• **Work order**
Write the data out again exactly, dropping any images it holds.

• **The data**
* * * * * * *

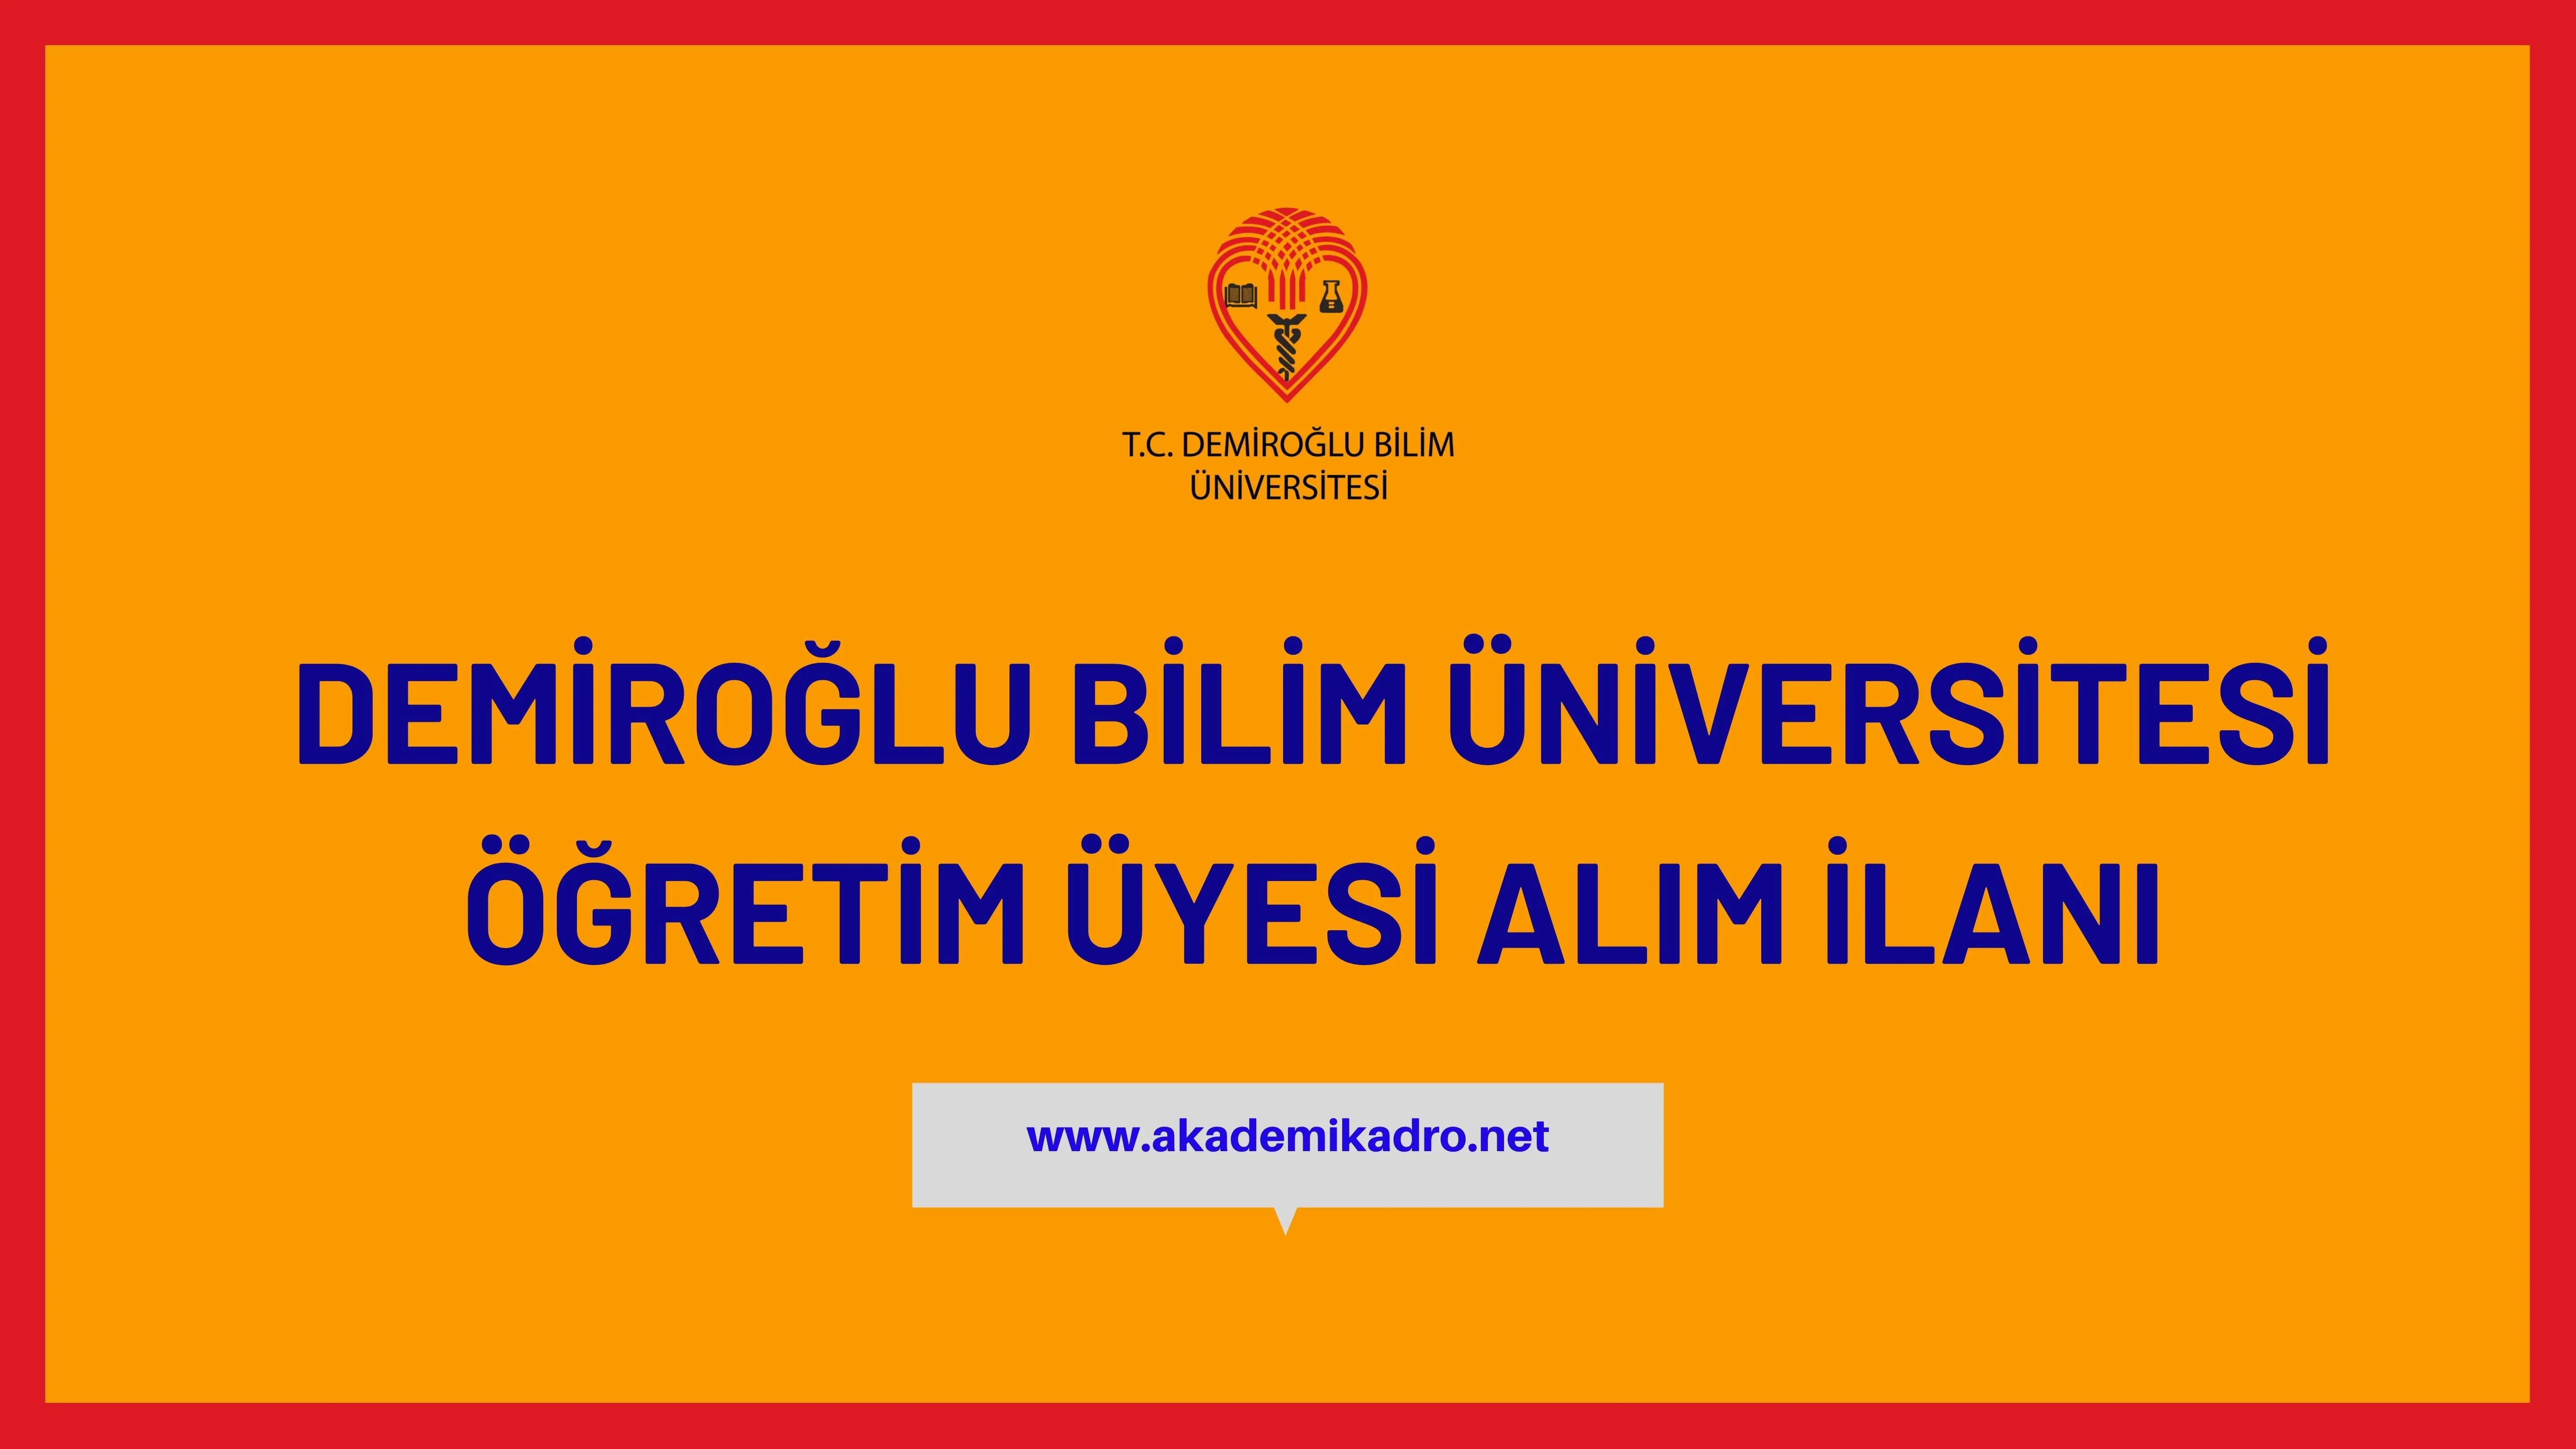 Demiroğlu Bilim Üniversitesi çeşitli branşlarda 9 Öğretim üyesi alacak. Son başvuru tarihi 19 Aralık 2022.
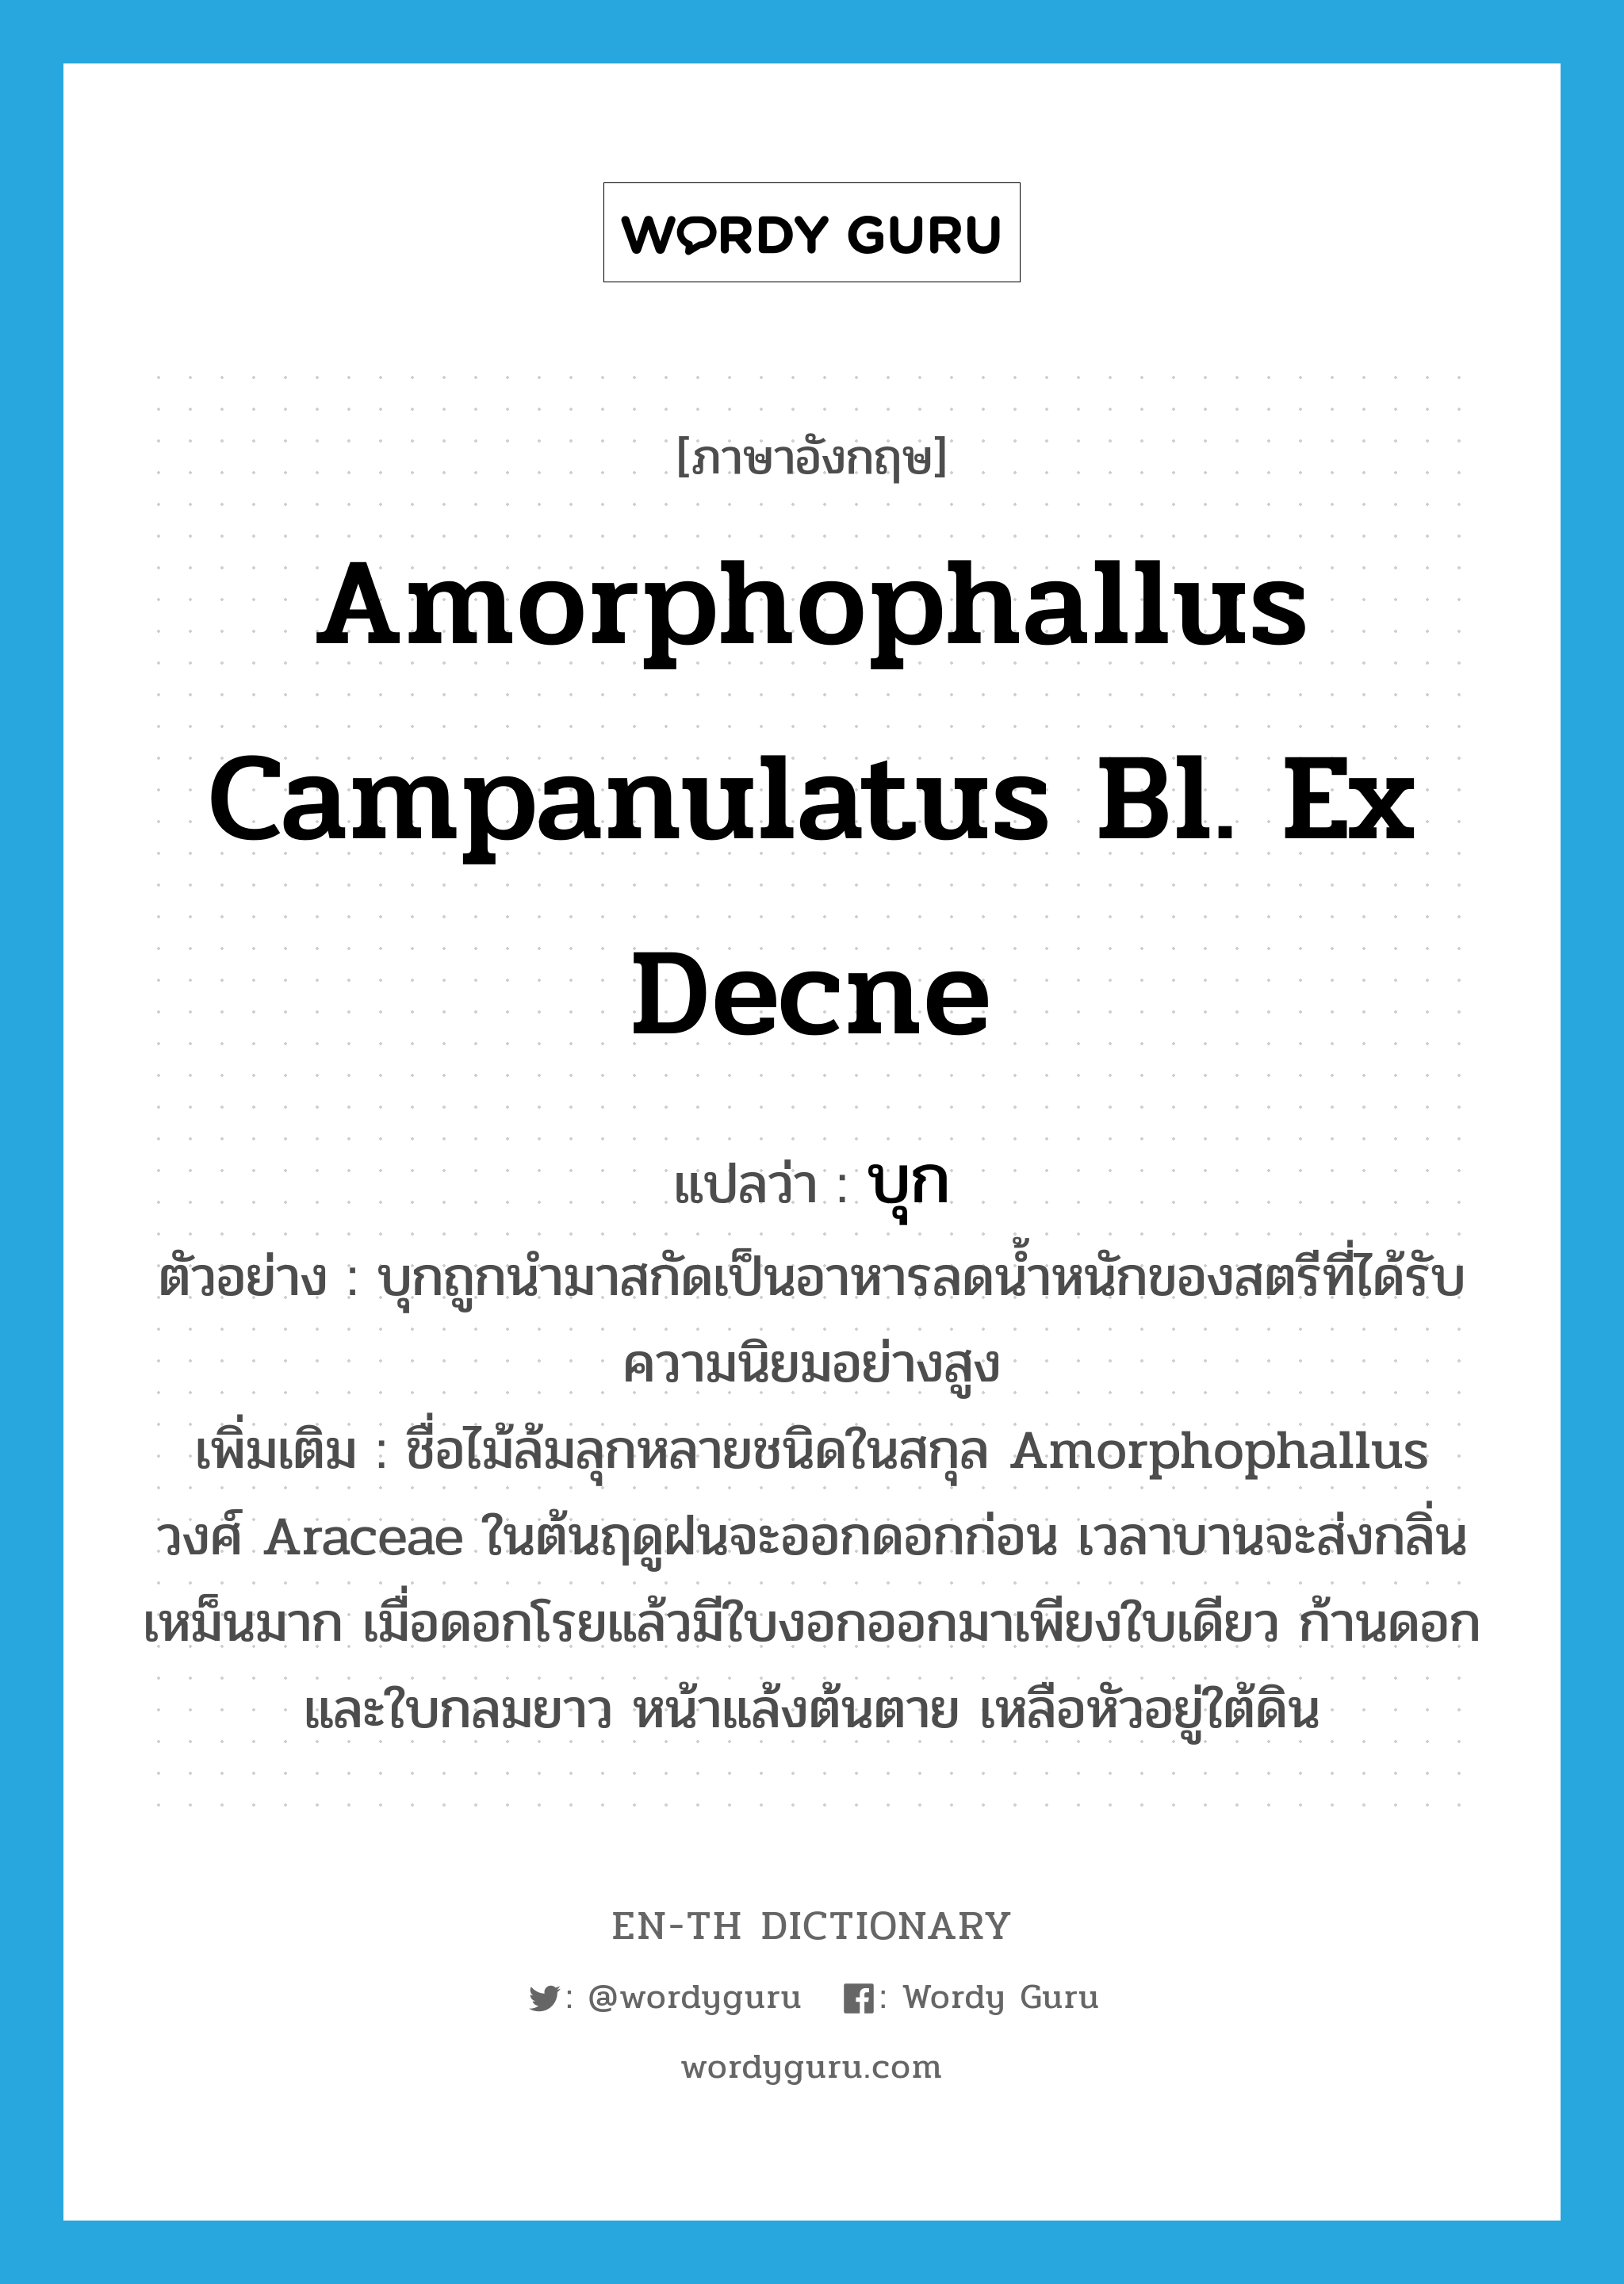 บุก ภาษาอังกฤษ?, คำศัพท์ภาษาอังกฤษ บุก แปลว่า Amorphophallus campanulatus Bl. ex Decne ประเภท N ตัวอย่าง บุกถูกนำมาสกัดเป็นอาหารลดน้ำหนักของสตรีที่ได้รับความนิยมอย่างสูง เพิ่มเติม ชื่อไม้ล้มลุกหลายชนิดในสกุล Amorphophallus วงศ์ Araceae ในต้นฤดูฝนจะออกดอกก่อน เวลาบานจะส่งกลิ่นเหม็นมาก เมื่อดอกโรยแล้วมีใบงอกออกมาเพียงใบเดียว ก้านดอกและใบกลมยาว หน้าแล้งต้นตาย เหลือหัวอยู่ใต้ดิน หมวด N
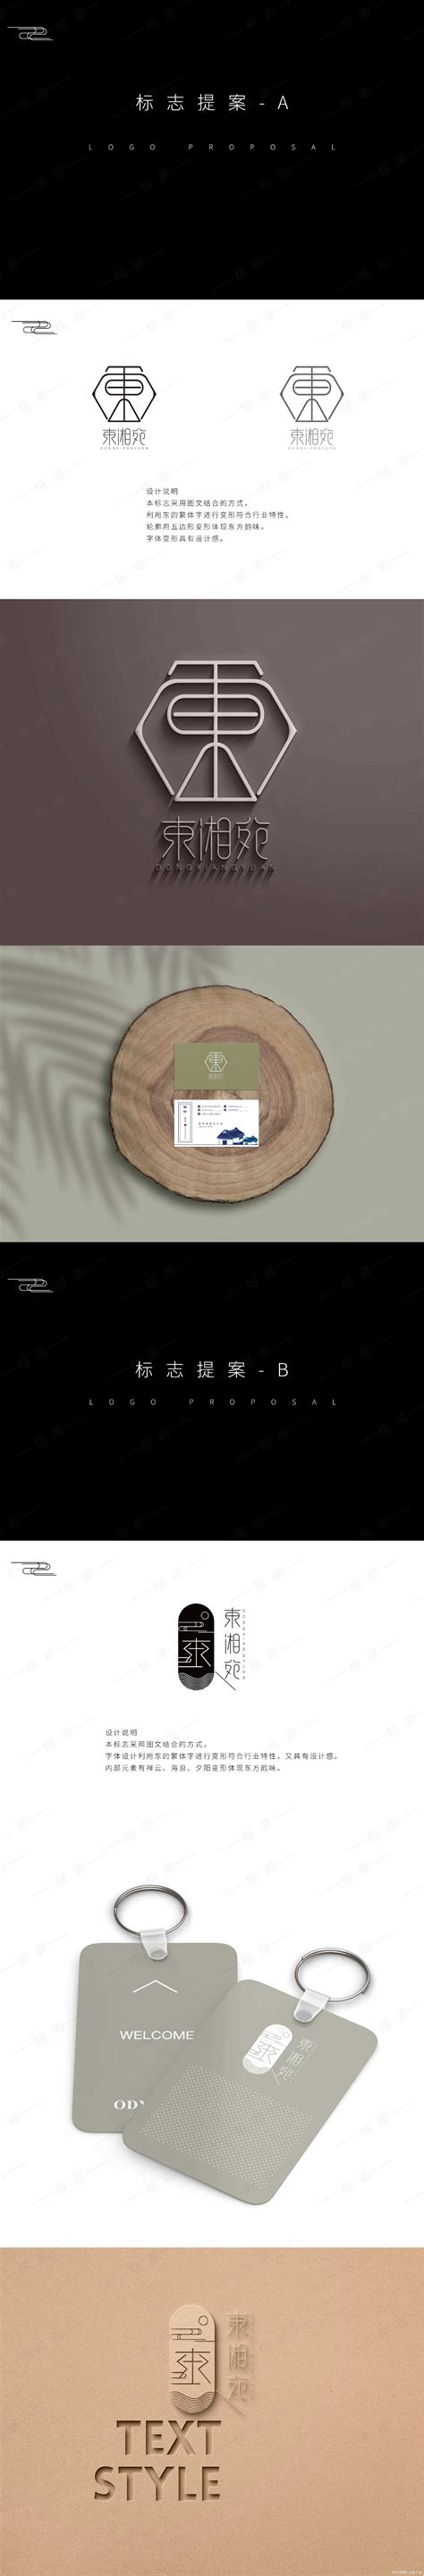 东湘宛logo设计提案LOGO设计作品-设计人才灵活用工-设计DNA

* * * * * * *

• **Task answer**
 Demiroğlu Bilim Üniversitesi çeşitli branşlarda 9 Öğretim üyesi alacak. Son başvuru tarihi 19 Aralık 2022.
 บุก ภาษาอังกฤษ?, คำศัพท์ภาษาอังกฤษ บุก แปลว่า Amorphophallus campanulatus Bl. ex Decne ประเภท N ตัวอย่าง บุกถูกนำมาสกัดเป็นอาหารลดน้ำหนักของสตรีที่ได้รับความนิยมอย่างสูง เพิ่มเติม ชื่อไม้ล้มลุกหลายชนิดในสกุล Amorphophallus วงศ์ Araceae ในต้นฤดูฝนจะออกดอกก่อน เวลาบานจะส่งกลิ่นเหม็นมาก เมื่อดอกโรยแล้วมีใบงอกออกมาเพียงใบเดียว ก้านดอกและใบกลมยาว หน้าแล้งต้นตาย เหลือหัวอยู่ใต้ดิน หมวด N
 东湘宛logo设计提案LOGO设计作品-设计人才灵活用工-设计DNA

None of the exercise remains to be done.